In the forward to their famous book Process Theology: an introductory exposition, Cobb and Griffin outline a number of conceptions of God that Process does not affirm. The fourth example they provide introduces the problem:
God as Sanctioner of the Status Quo. This connotation characterizes a strong tendency in all religions. It is supported by the three previous notions. The notion of God as Cosmic Moralist has suggested that God is primarily interested in order. The notion of God as Unchangeable Absolute has suggested God’s establishment of an unchangeable order for the world. And the notion of God as Controlling Power has suggested that the present order exists be cause God wills its existence. In that case, to be obedient to God is to preserve the status quo. Process theology denies the existence of this God.
It is going to be important to hear the questions this raises: is God primarily concerned with order? Is God the source of that order? Or is God providing something else that challenges those established structures which limit and take away people’s ability to live fully and prosper?
They introduce the Process notion of God:
And, far from sanctioning the status quo, recognition of essential relatedness to this God implies a continual creative transformation of that which is received from the past, in the light of the divinely received call forward, to actualize novel possibilities. Although this divine power is persuasive rather than controlling, it is nevertheless finally the most effective power in reality. In Whitehead’s words: “The pure conservative is fighting against the essence of the universe.” (Adventures in Ideas 354.)
To classic virtues (properties of being) like truth, beauty and goodness, Process adds adventure and zest precisely because of who God is! The addition of adventure and zest speak to movement (change), progression and novelty. Process, if nothing else, fully recognizes the validity of time and change.

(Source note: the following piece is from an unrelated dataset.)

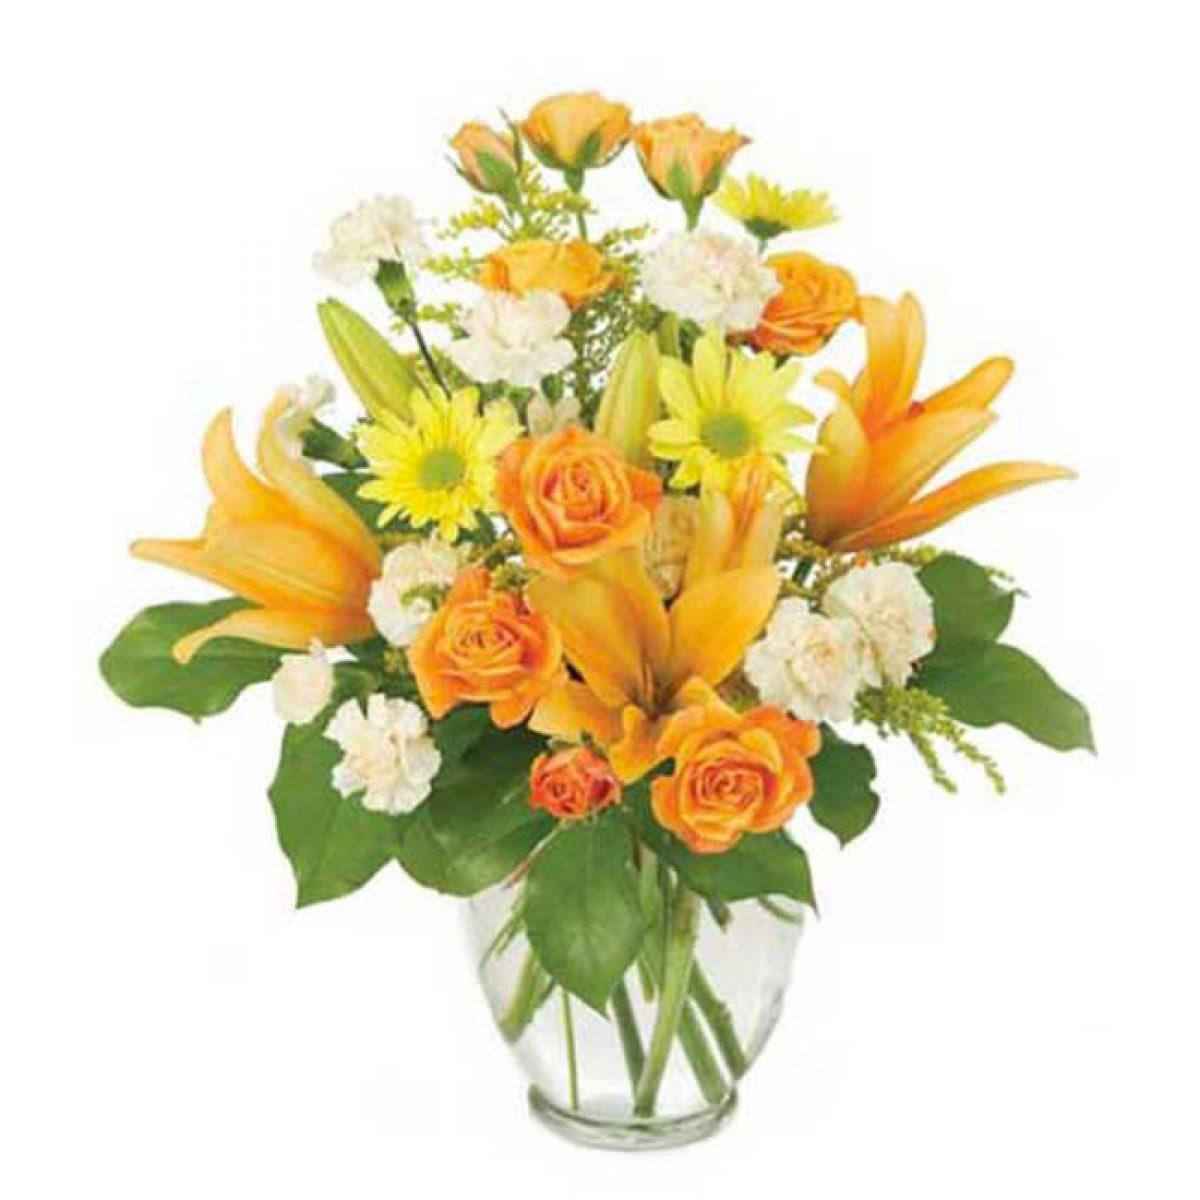 arrangement floral - FCE-212

Hence, no type of social order is to be maintained if it no longer tends to maximize the enjoyment of the members of the society. Also, it is impossible for any form of social order to continue indefinitely to be instrumentally good. God, far from being the Sanctioner of the Status Quo, is the source of some of the chaos in the world. “If there is to be progress beyond limited ideals, the course of history by way of escape must venture along the borders of chaos in its substitution of higher for lower types of order.” (Process and Reality 169.) (God is said to be the source of only some of the chaos, since only some of it can in principle lead to a higher type of order and thereby a richer form of enjoyment.)
God, in a Process perspective, provides – indeed is the source of – some of the chaos that calls into question the status quo and challenges the established order that limits the prospering of creatures.
If you think that God likes the way things are and wants to keep them the same … you may not be worshiping the God of the Bible.
This was brought to my memory when I encoutered an interesting nugget at the back of another book that had nothing to do with Process thought. Terry Eagleton in After Theory illuminates an interesting Biblical concept.
In a revolutionary reversal, true power springs from powerlessness. As St Paul writes in Corinthians: `God chose what is weakest in the world to shame the strong … even things that are not, to bring to nothing things that are.’ The whole of Judaeo-Christian thought is cast in this ironic, paradoxical, up-ending mould.
The wretched of the earth are known to the Old Testament as the anawim, those whose desperate plight embodies the failure of the political order. The only valid image of the future is the failure of the present. The anawim, who are the favoured children of Yahweh, have no stake in the current set-up, and so are an image of the future in their very destitution. The dispossessed are a living sign of the truth that the only enduring power is one anchored in an acknowledgement of failure. Any power which fails to recognize this fact will be enfeebled in a different sense, fearfully defending itself against the victims of its own arrogance. Here, as often, paranoia has much to recommend it. The exercise of power is child’s play compared to the confession of weakness.
Terry Eagleton. After Theory (Kindle Locations 1882-1892). Kindle Edition.
What do we do with those aspects of the established order which don’t fit – or even shame – the established order? Do we want to sweep the anawim off the streets and hide them from view in order conceal the fact that the current system does not work for everyone?
Do we put down the dissenters? Do we turn a blind eye to ‘the poor’ so as to not acknowledge that the bell-curve is inverted and seems to be more of a trough?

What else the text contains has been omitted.